American educator (1894–1977)

Mae Carden (1894 – January 1977) was an American educator who developed the Carden Method. She created the code for words, and taking apart sentences and knowing how to put them back together. Mae Carden was born in Honolulu and received her primary and secondary education there. She then went on to receive her Bachelor's from Vassar College and her Master's from Columbia University. Throughout her career she emphasized joyful learning; in her own words, "Life is a joy, so should be learning."

==Career==
Carden established the first Carden School in 1934 at 24 East 68th Street in New York City. In 1935, she moved it to 43 East 67th Street. She demonstrated that children can gain an understanding of their own language and attain the ability to use it correctly when reading, listening, speaking, or writing. Her goal was to teach children to think; her main techniques were analysis and rhythm. Her educational philosophy and teaching techniques became an integral part of the Carden Method. Teachers, students, and parents often shorten the name of this interrelated, eclectic group of approaches to learning, calling it Carden.

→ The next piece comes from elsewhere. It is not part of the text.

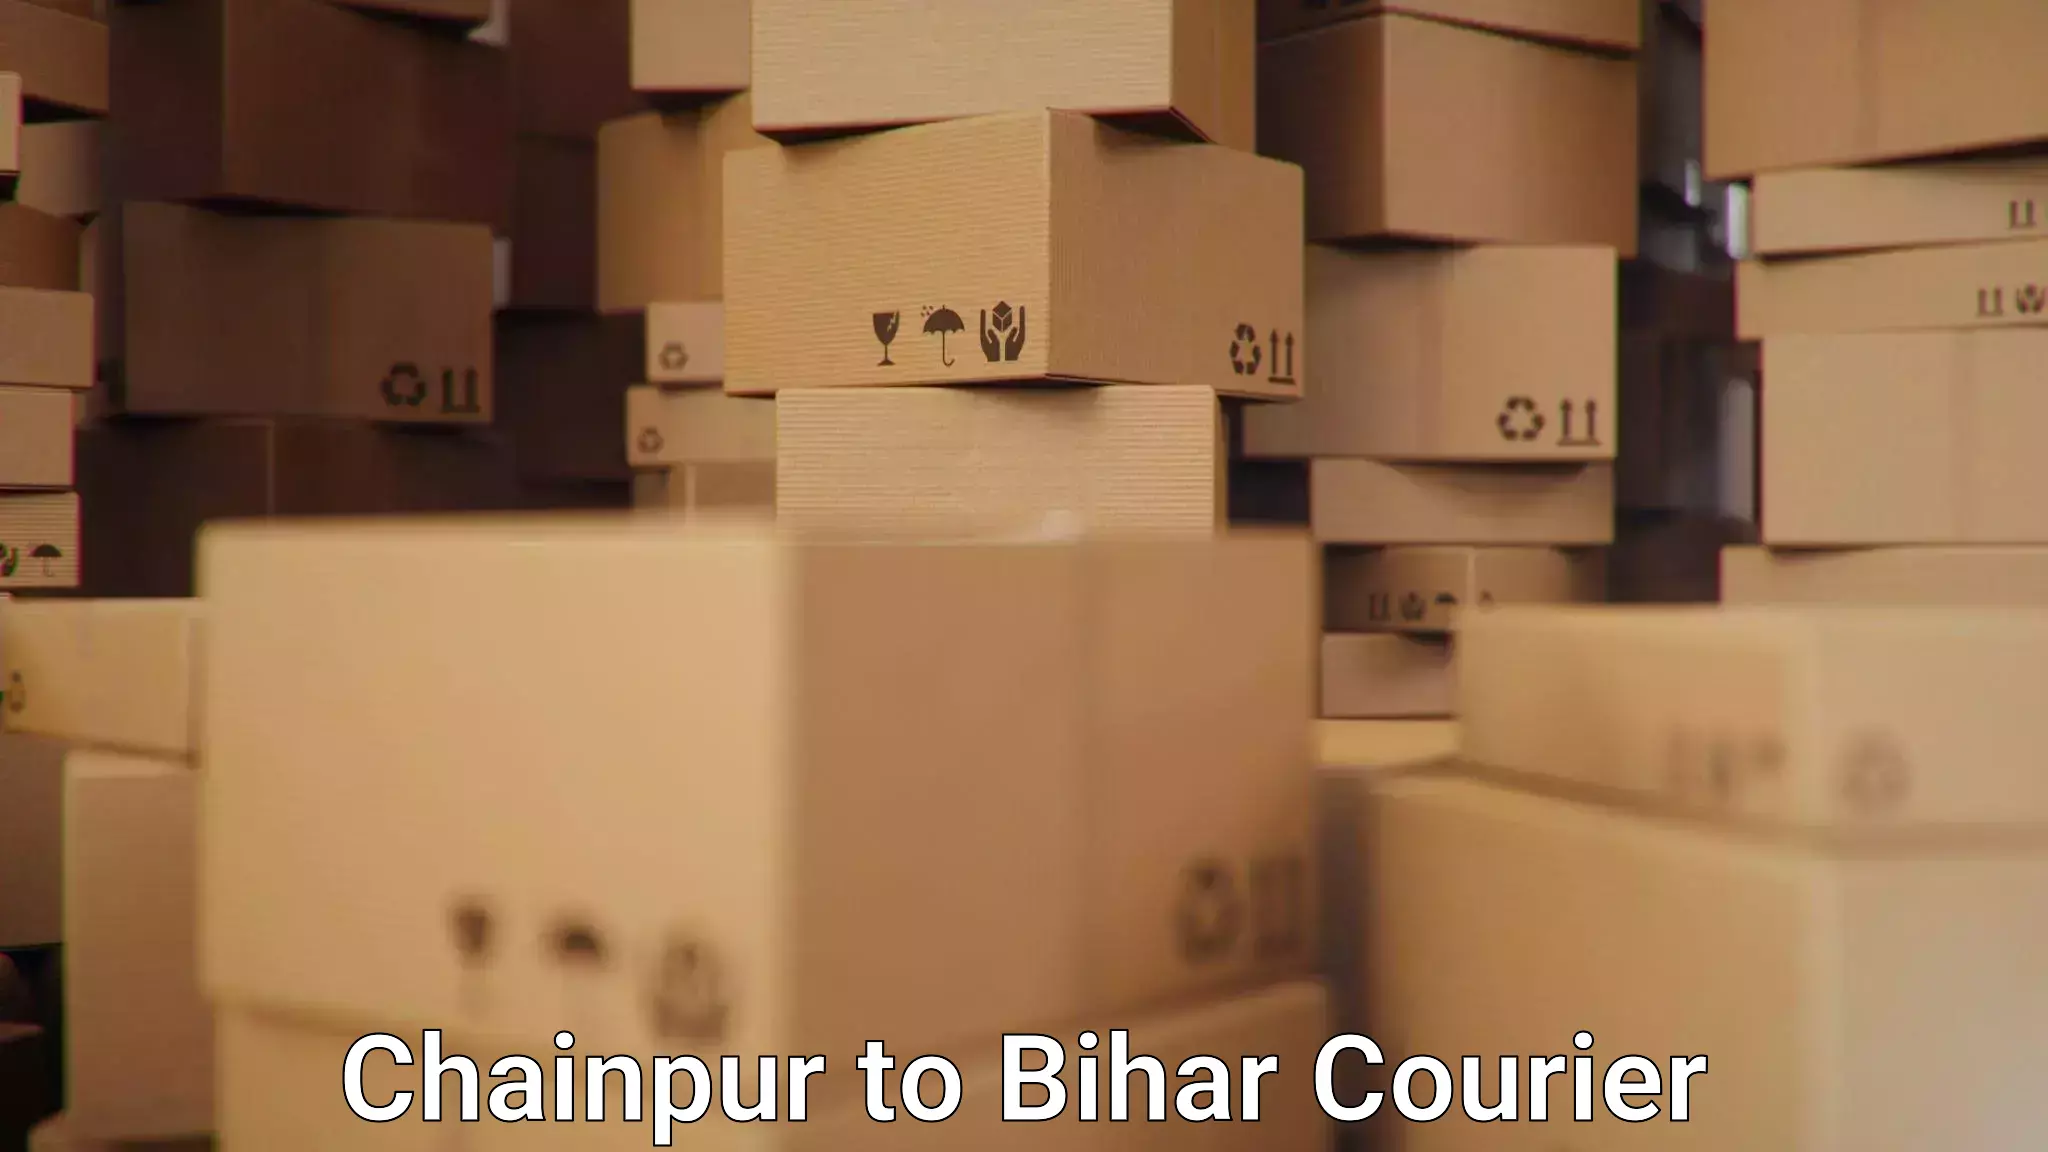 Smart shipping technology Chainpur to Marhowrah

In 1949, Mae Carden closed her school in New York City and with close associates, Dorothea Freyfogle and May Crissey, organized Mae Carden, Inc. The new arrangement enabled Mae Carden to give full attention to the use of the Carden Method in other schools.

To assure the continuation of her work, she established The Carden Educational Foundation, Inc., a New York not-for-profit corporation, in 1962. After Mae Carden died in January 1977, aged 82 or 83, the Foundation absorbed all of the activities and purposes of Mae Carden, Inc., and dissolved that organization. All rights, title, and interest in the Carden Method, including Carden and the Carden Curriculum, are vested in the Foundation.